Adolescent years came around so fast, and when they did they brought several good times, and several bad times. Most of these good and bad times all came from making decisions. I remember all the choices and decisions that I had to make, and fear go to me many times. When you’re young you don’t always think things through like you should. Thank God I had a wonderful mom that helped me through this rough time.
My mother is and extraordinary woman. She works two jobs, and also helps out a lot on our family farm. Every single game, band concert, bad day, or anything else that I had or did, she was always there. All the good times and all the bad times she has been there with good advice, a congratulation, or a shoulder to cry on.
I believe in being true to yourself. My mother taught me since the first day of middle school that in order to be happy in life; you always have to be true to yourself. She told me that I was the only one that I had to live with for the rest of my life, and the decisions that I made would decide whether or not I would be happy. She was exactly right; I was faced with several predicaments’ that made me question every move that I made.
Everyday o middle school it felt like a new challenge. Girls would fight, boys would laugh, and people would just do horrible things, yet the teachers never seemed to catch them. I remember the boys making fun of girls for their clothes, or their hair, and girls making fun of other girls for their weight, or the way they looked. I kept my moms words in the back of my head everyday. The girls were so mean, and when I made a decision they didn’t like they would treat me terrible, but I know today that I made the right choices.
High school came around and it seemed like the decisions got a lot easier. People grew up and they didn’t care if you didn’t want to do what they were doing. But, the option of doing the things that my peers were doing was still there whether they were pressuring me or not. Now it was on to bigger things like drinking, drugs, and sex. People say peer pressure is bad, but I beg to differ. Your friends will be there no matter if you do what they like or not. If they aren’t your true friends they will disappear when they don’t like something you do. I knew my limits, and when I questioned them I heard my mom in my mind. Sometimes I pushed my limits, but with the help of my friends I managed to stay out of too much trouble. Thanks mom!

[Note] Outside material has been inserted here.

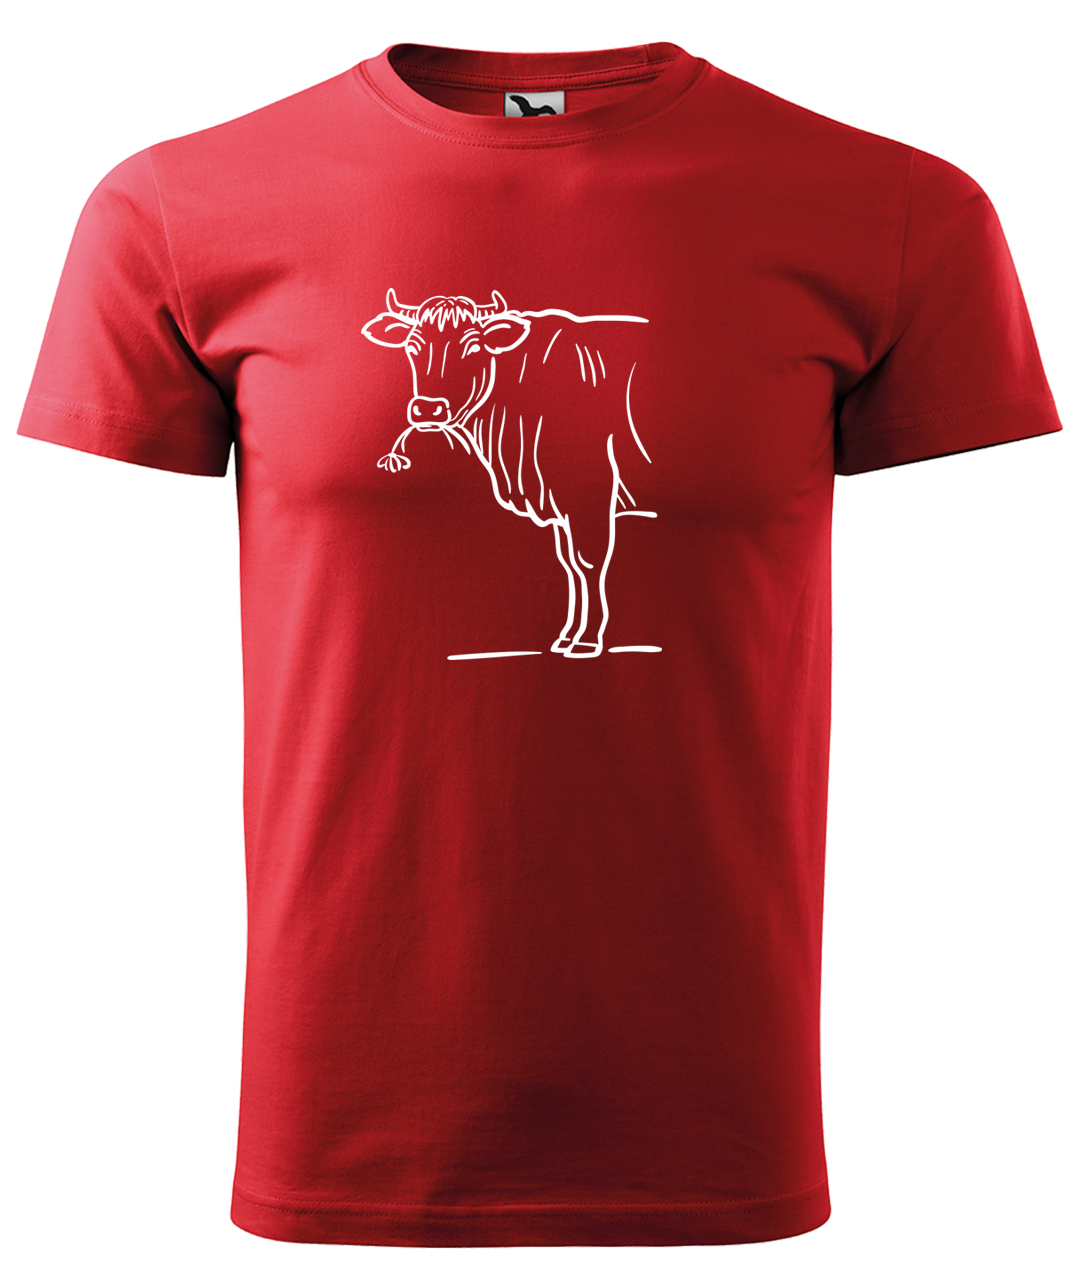 Dětské tričko s krávou - Býk Velikost: 8 let / 134 cm, Barva: Červená (07), Délka rukávu: Krátký rukáv

Two months ago I graduated, and I spent some special time with my mom (who is by the way my best friend), she asked me if I had any regrets about school, or all the years I had spent growing up. I gladly answered no. I always had your voice in my head telling me, “Live life to your fullest, no regrets, stay true to yourself”.
I believe in staying true to yourself and living life with no regrets. Whatever the situation may be, remember you’re stuck with it the rest of your life. If a once and lifetime chance comes along, take it and run with, don’t just set it aside. I was so lucky that I had a great leader, friend, and mother to help me learn this.